The Attorney General's petition urges the SEC to reject PG&E Corporation's application for an exemption from regulation under the federal Public Utility Holding Company Act (PUHCA). PG&E has been exempt from the law, but must renew that exemption as part of its request for SEC approval of the bankruptcy reorganization plan for its utility, PG&E Company. The state is challenging the reorganization plan in federal bankruptcy court.
The PUHCA subjects utility holding companies to SEC review of their stock transactions, financial dealings with affiliates and subsidiaries, and how they handle the assets of their utilities. The law's purpose is to prevent corporate abuses that harm investors and utility ratepayers.

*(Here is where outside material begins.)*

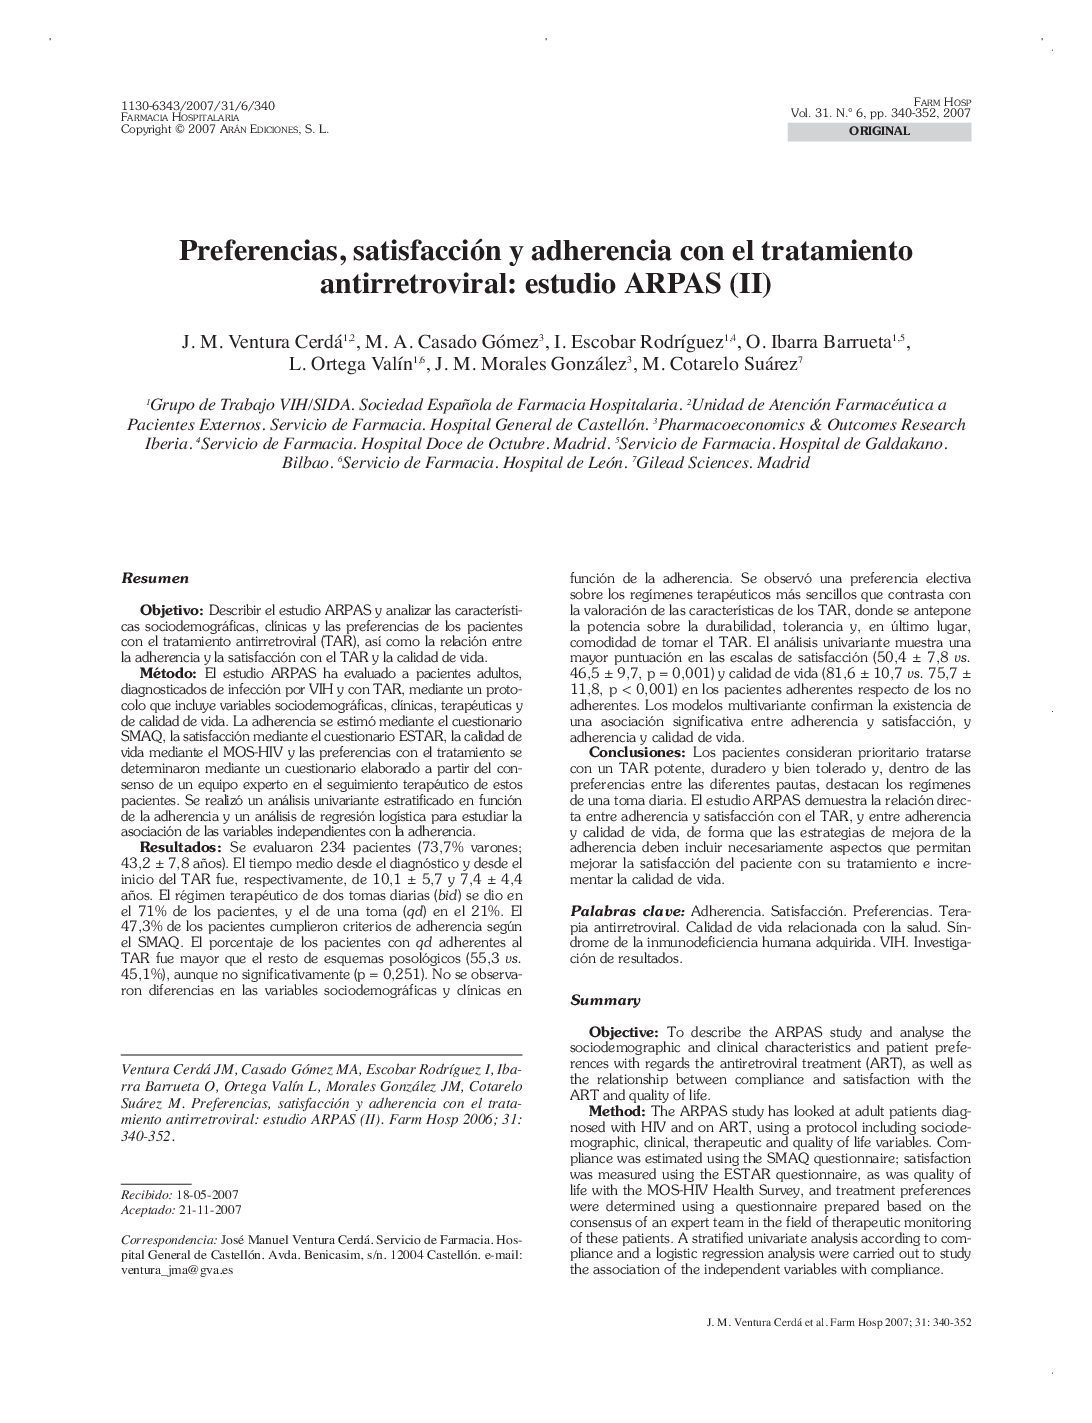 Preferencias, satisfacción y adherencia con el tratamiento antirretroviral: estudio ARPAS (II)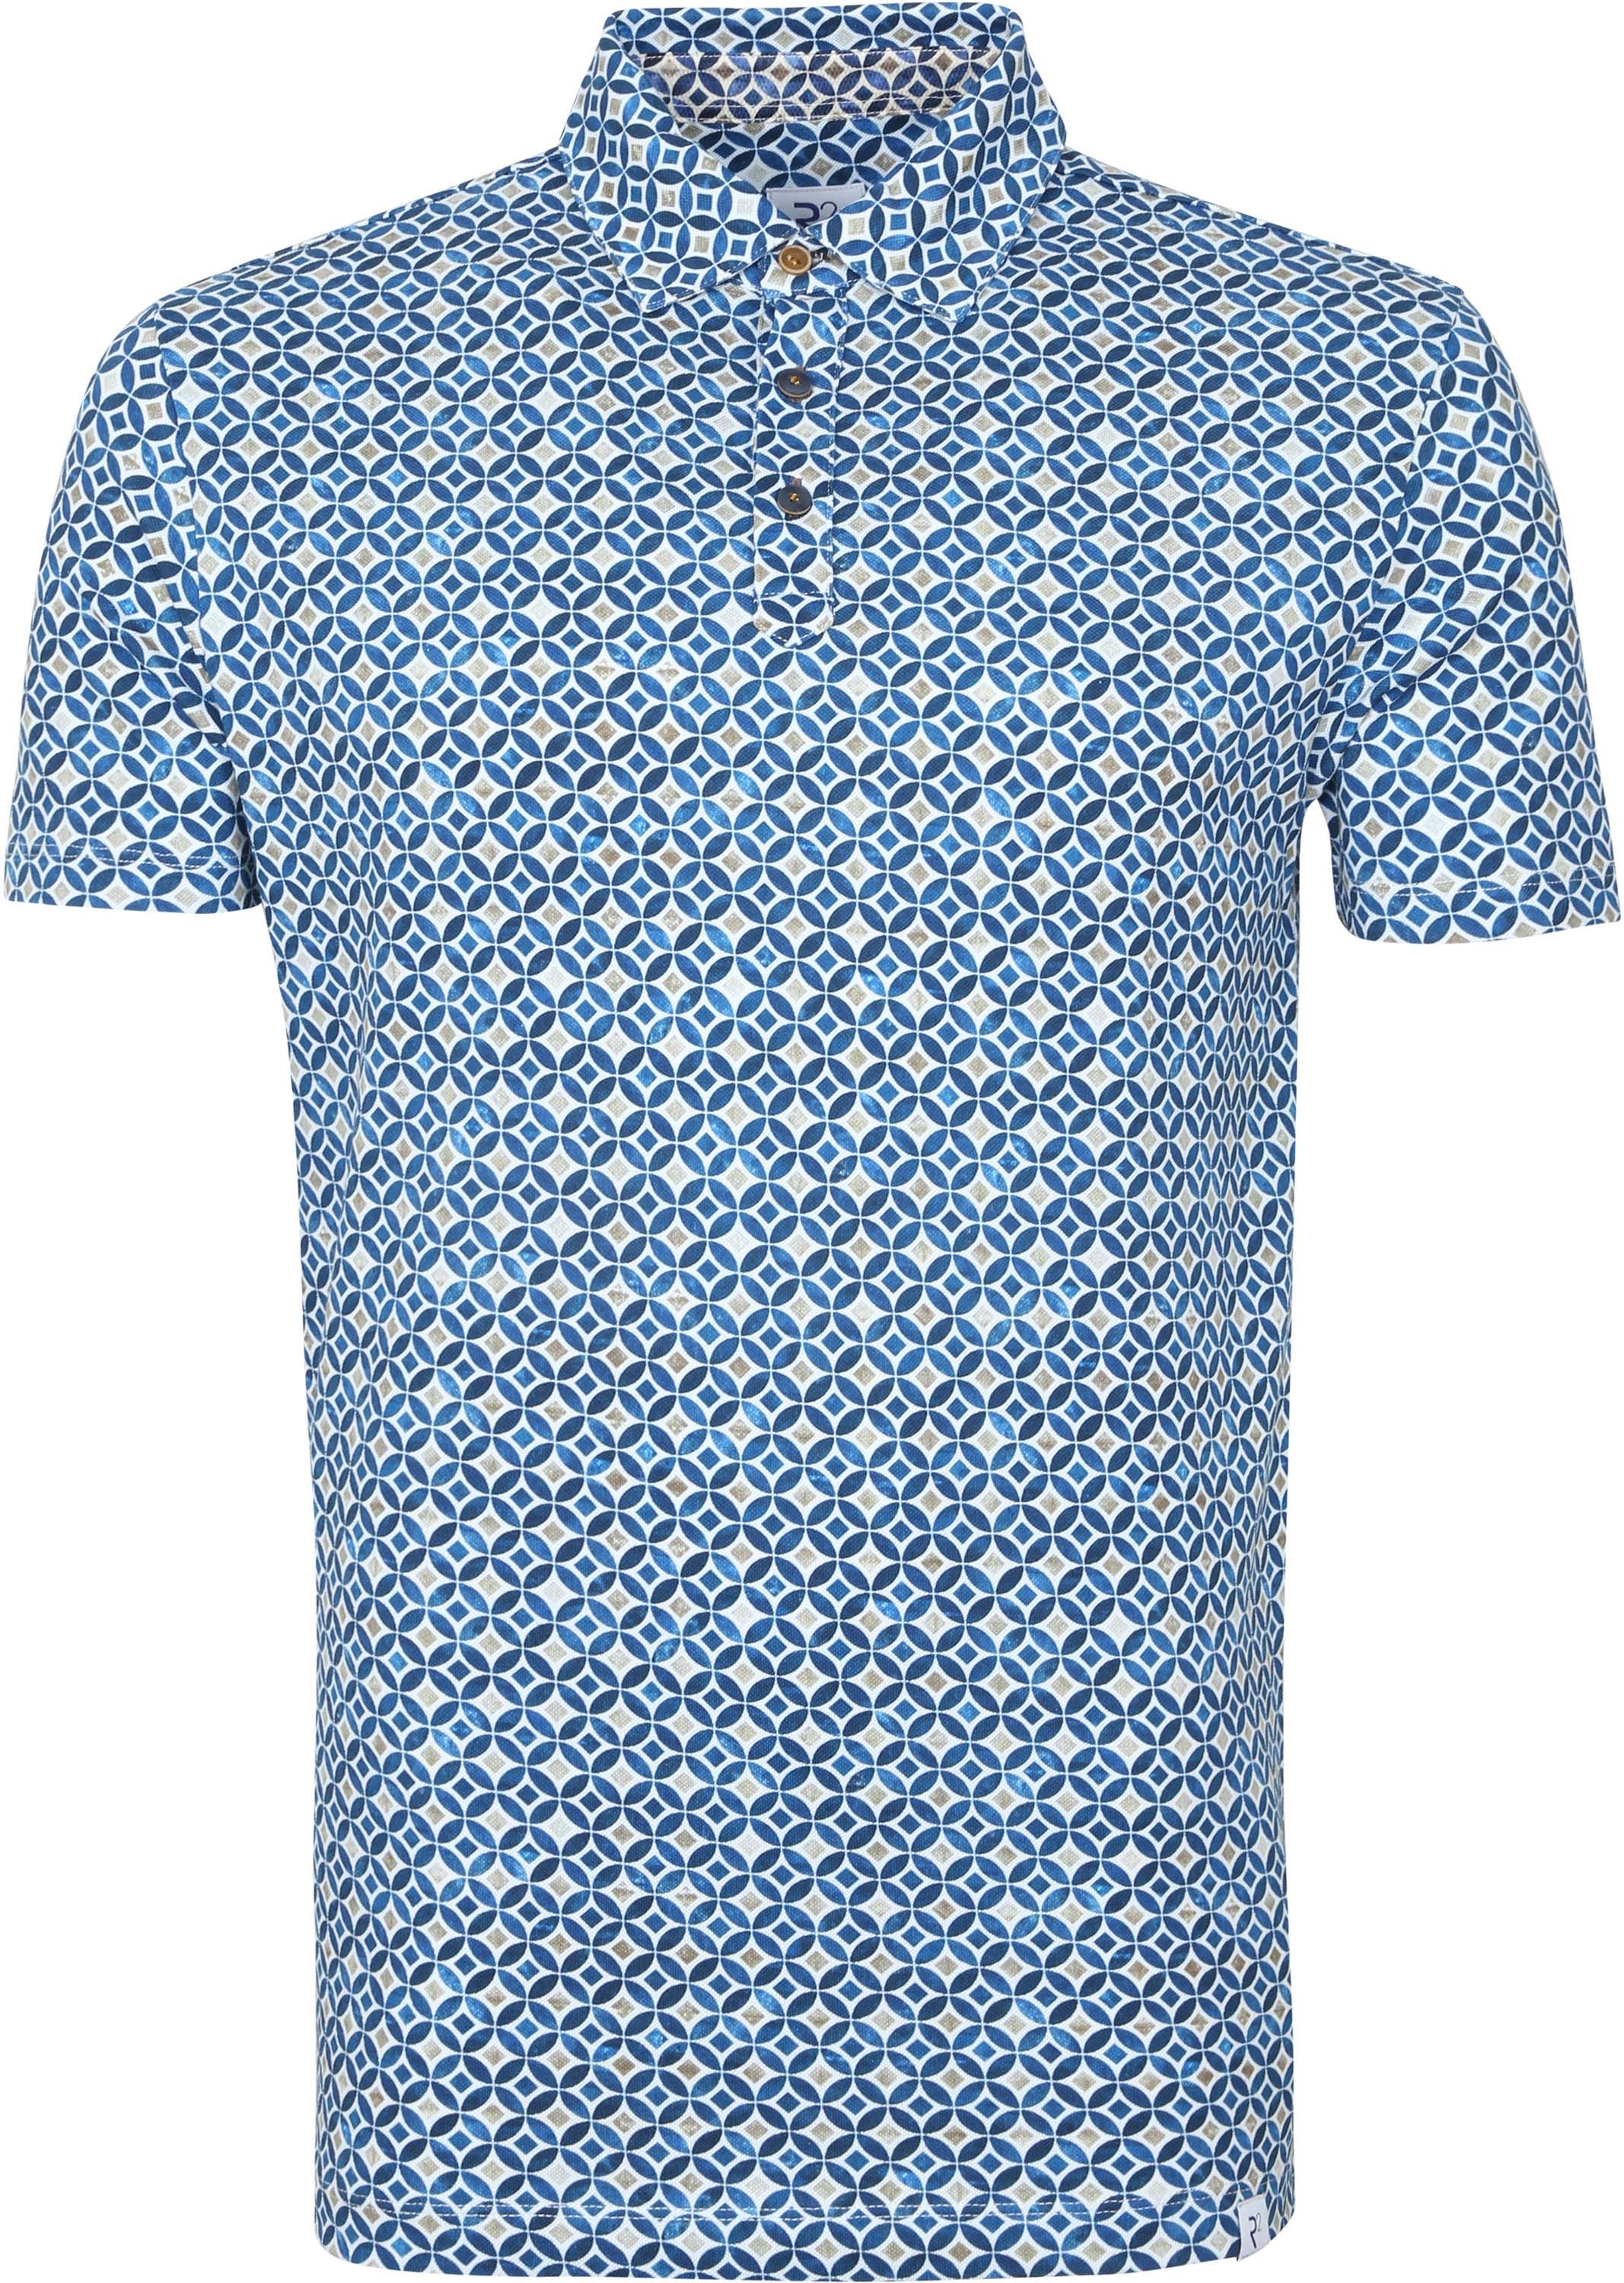 R2 Polo Shirt Sparkle Blue Multicolour size S

California already has witnessed the practical effects of PG&E Corporation's exemption from PUHCA. From 1997 through 1999, the corporation siphoned more than $4 billion from its utility. And from May through December of 2000 -- while the utility accumulated some $6.6 billion in debt caused by skyrocketing wholesale energy prices -- the holding company took another $1 billion from the utility. The SEC did not review those transfers because PG&E Corporation is exempt from PUHCA.
The Attorney General's Office in January of this year sued to force PG&E Corporation to give back between $600 million and $4 billion of the transferred money, and pay civil penalties. The suit, pending in San Francisco Superior Court, alleges the transfers constituted an unlawful business practice and violated conditions imposed by the California Public Utilities Commission when it approved formation of the holding company in 1996. One of those conditions required PG&E Corporation to give first priority to the utility's capital needs.
Lockyer said the SEC petition seeks to protect ratepayers from such transfers in the future. "PG&E Corporation deceived the California Public Utilities Commission and broke its promise to make protection of ratepayers its top priority," said Lockyer. "It drained money from its California utility, even while the utility was getting bled dry by energy company price gougers. The SEC has an opportunity to step in to make sure ratepayers do not suffer that hardship again."
Lockyer noted PG&E Corporation's argument in its SEC petition conflicts with its position in the bankruptcy reorganization litigation. In seeking the PUHCA exemption, PG&E Corporation argues the utility operates solely within California and that the holding company operates largely within the state, a point strongly disputed by the state. But the utility's bankruptcy reorganization plan seeks to circumvent state laws and place the utility's generating assets outside the purview of state regulation.
"The PUHCA exemption exists primarily where state law is sufficient to address the potential abuses that PUHCA seeks to remedy," the Attorney general's petition states. "PG&E now argues that state law does not apply to it. In this vacuum, created by PG&E for the benefit of PG&E, the SEC cannot appropriately issue PG&E an exemption from scrutiny under PUHCA."